Goal of the exercise: Pictures aside, the data must be reproduced exactly.

Data segment:

——

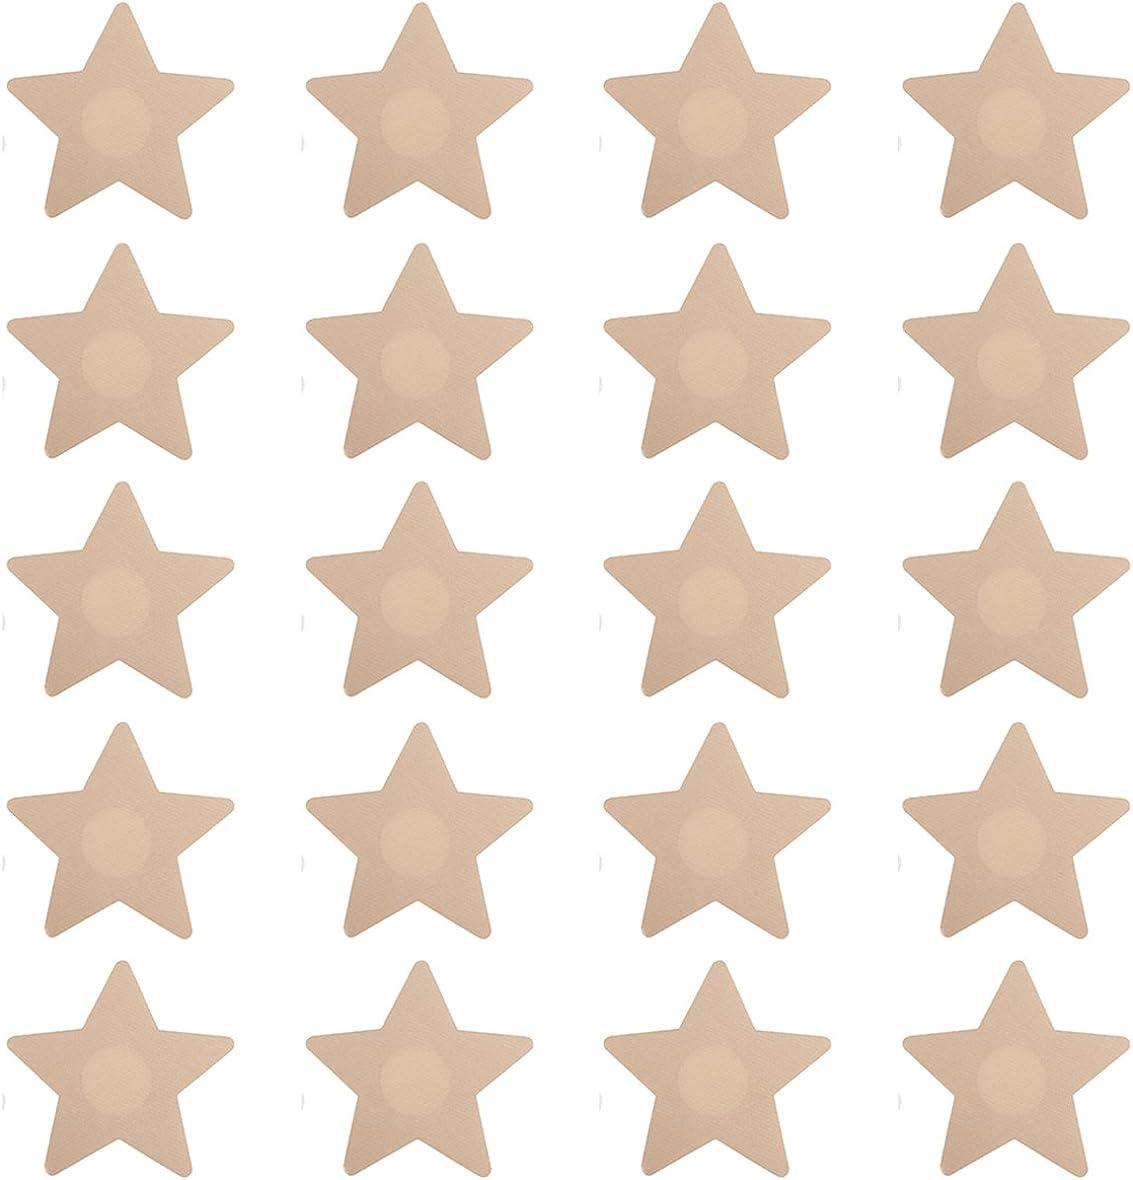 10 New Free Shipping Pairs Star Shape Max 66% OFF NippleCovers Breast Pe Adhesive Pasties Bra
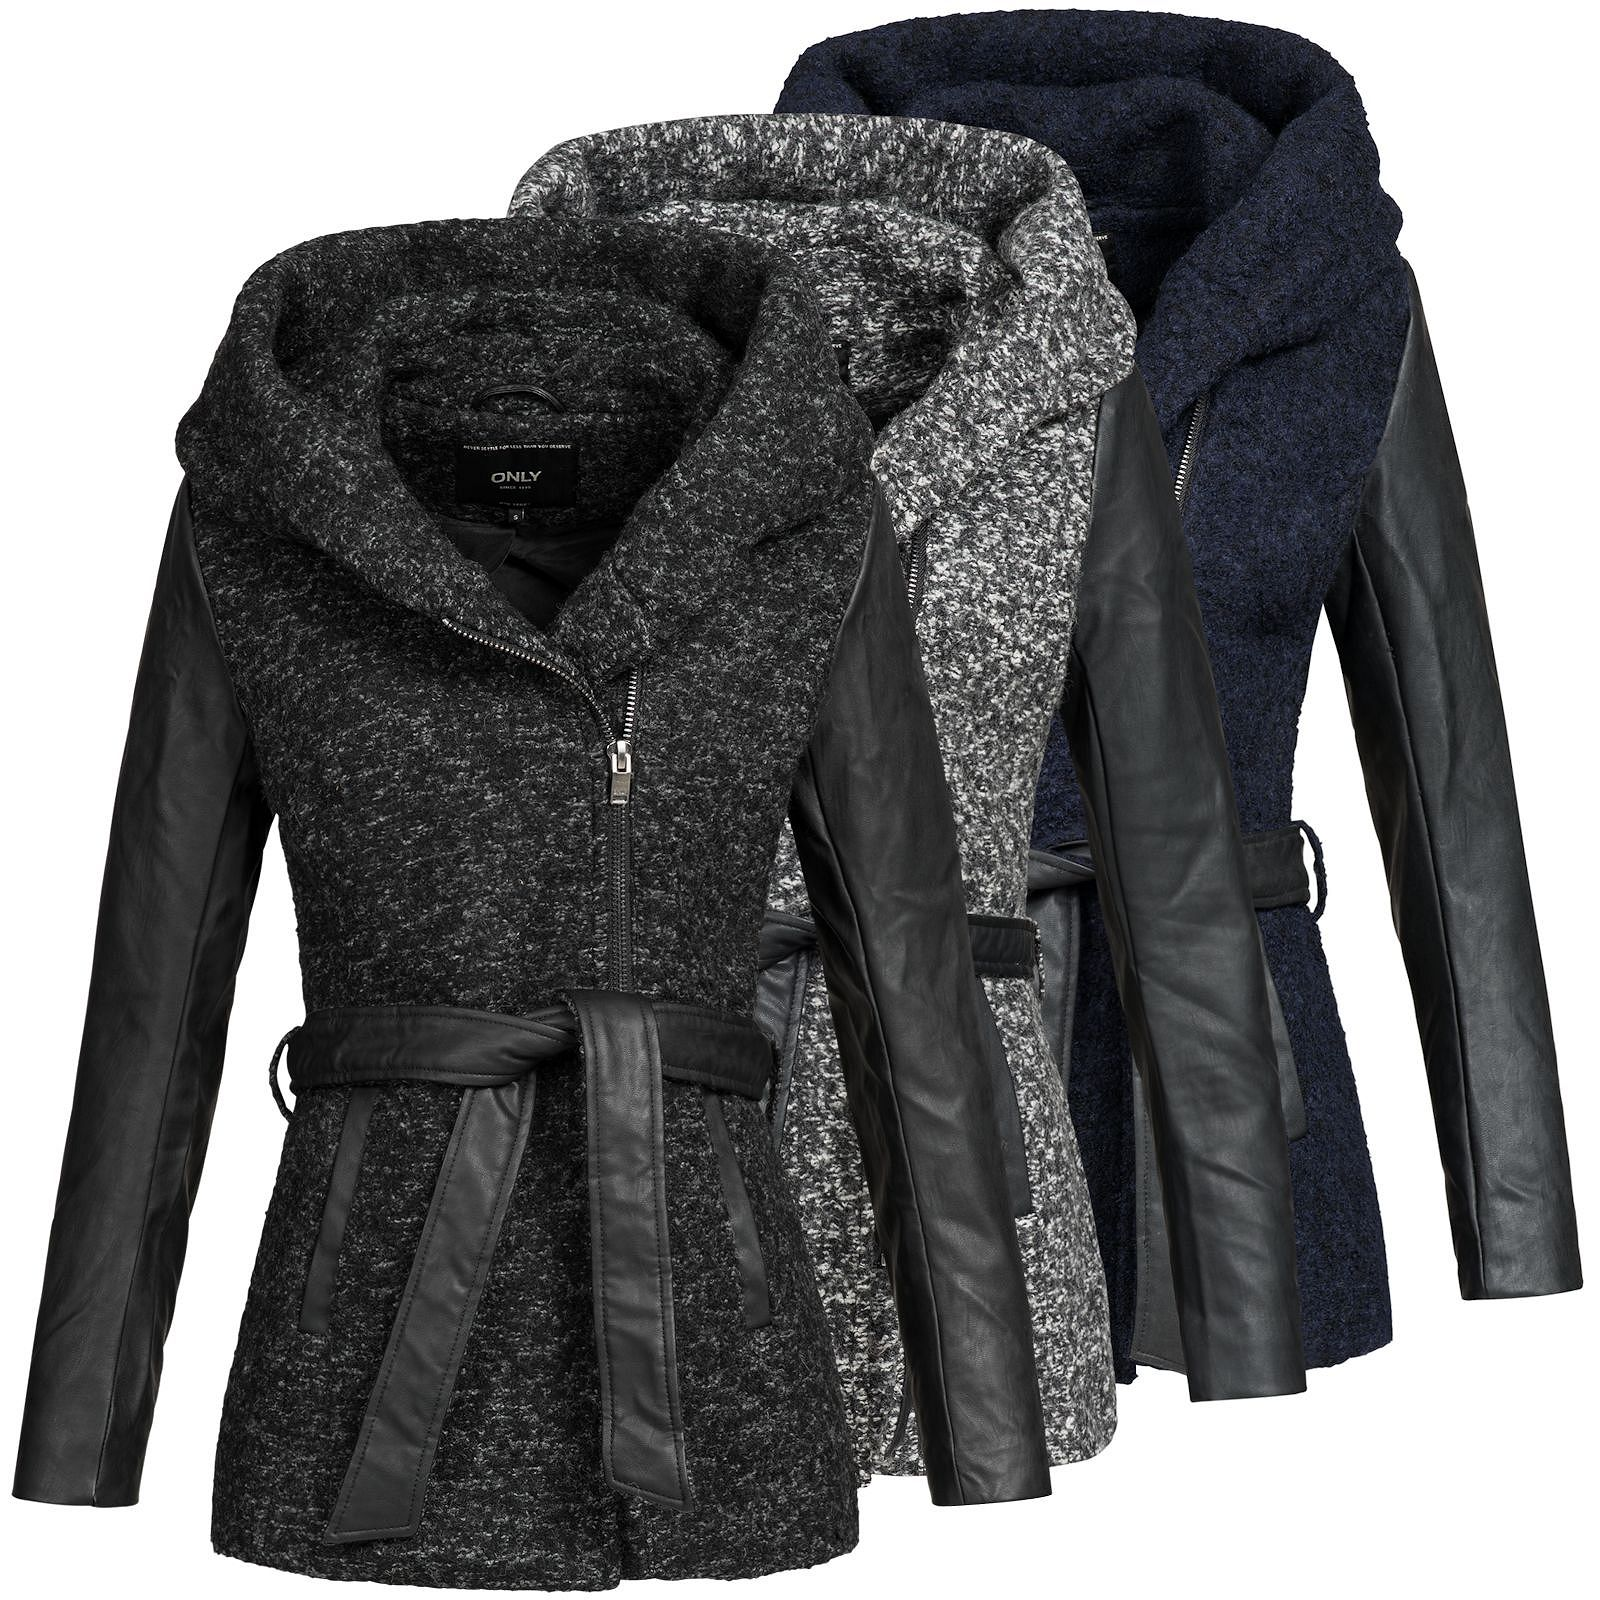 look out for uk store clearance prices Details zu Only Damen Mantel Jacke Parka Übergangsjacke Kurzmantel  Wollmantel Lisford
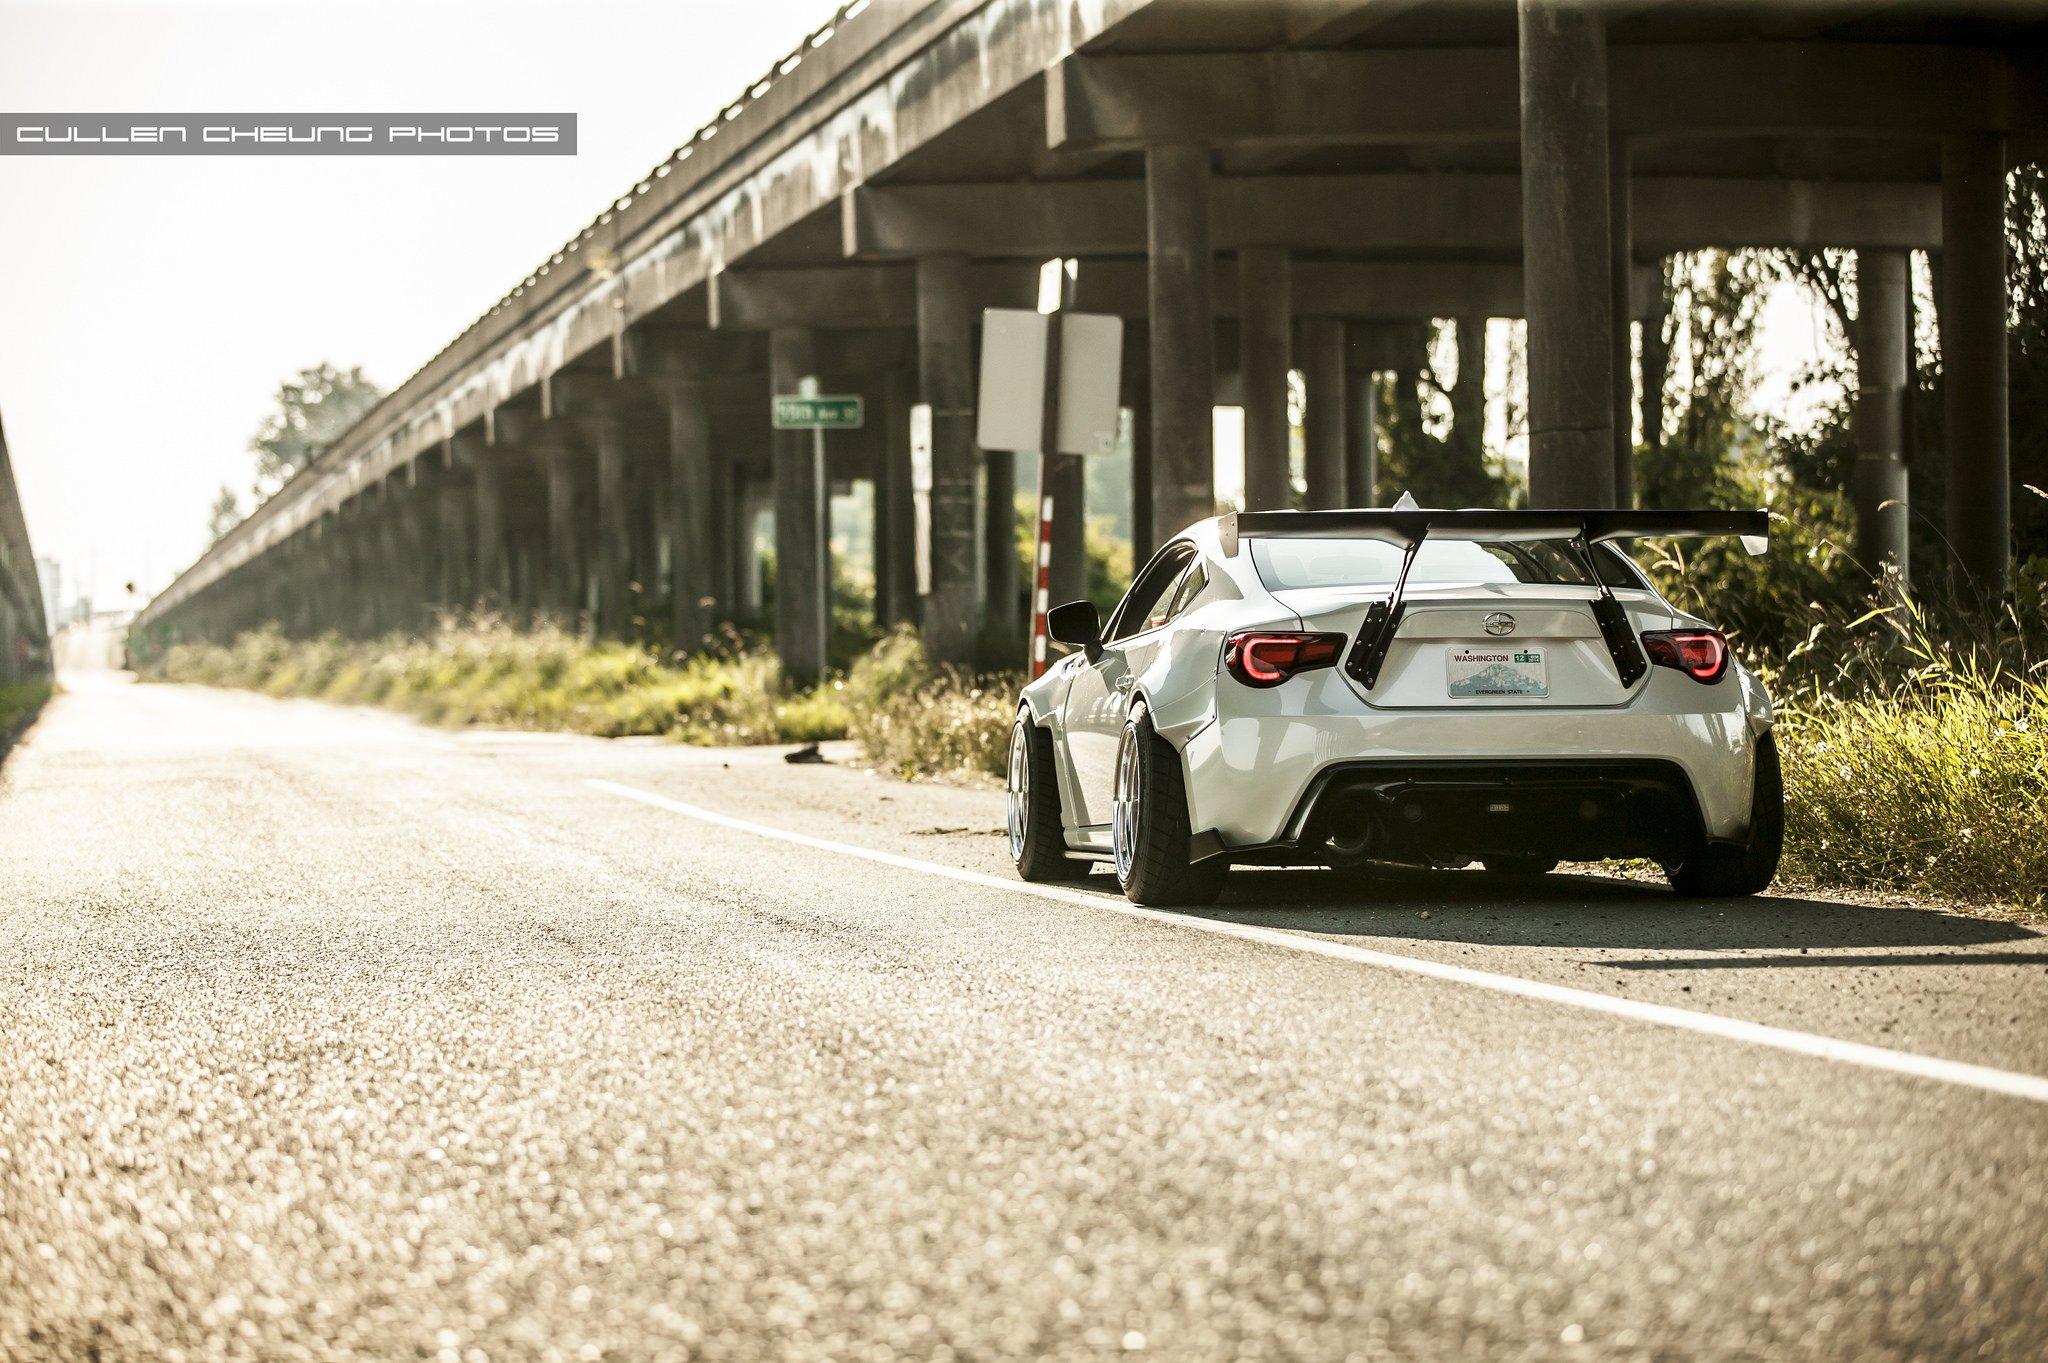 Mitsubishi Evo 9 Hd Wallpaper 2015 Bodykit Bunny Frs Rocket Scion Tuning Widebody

——

Answer area:
 10 New Free Shipping Pairs Star Shape Max 66% OFF NippleCovers Breast Pe Adhesive Pasties Bra
 look out for uk store clearance prices Details zu Only Damen Mantel Jacke Parka Übergangsjacke Kurzmantel  Wollmantel Lisford
 Mitsubishi Evo 9 Hd Wallpaper 2015 Bodykit Bunny Frs Rocket Scion Tuning Widebody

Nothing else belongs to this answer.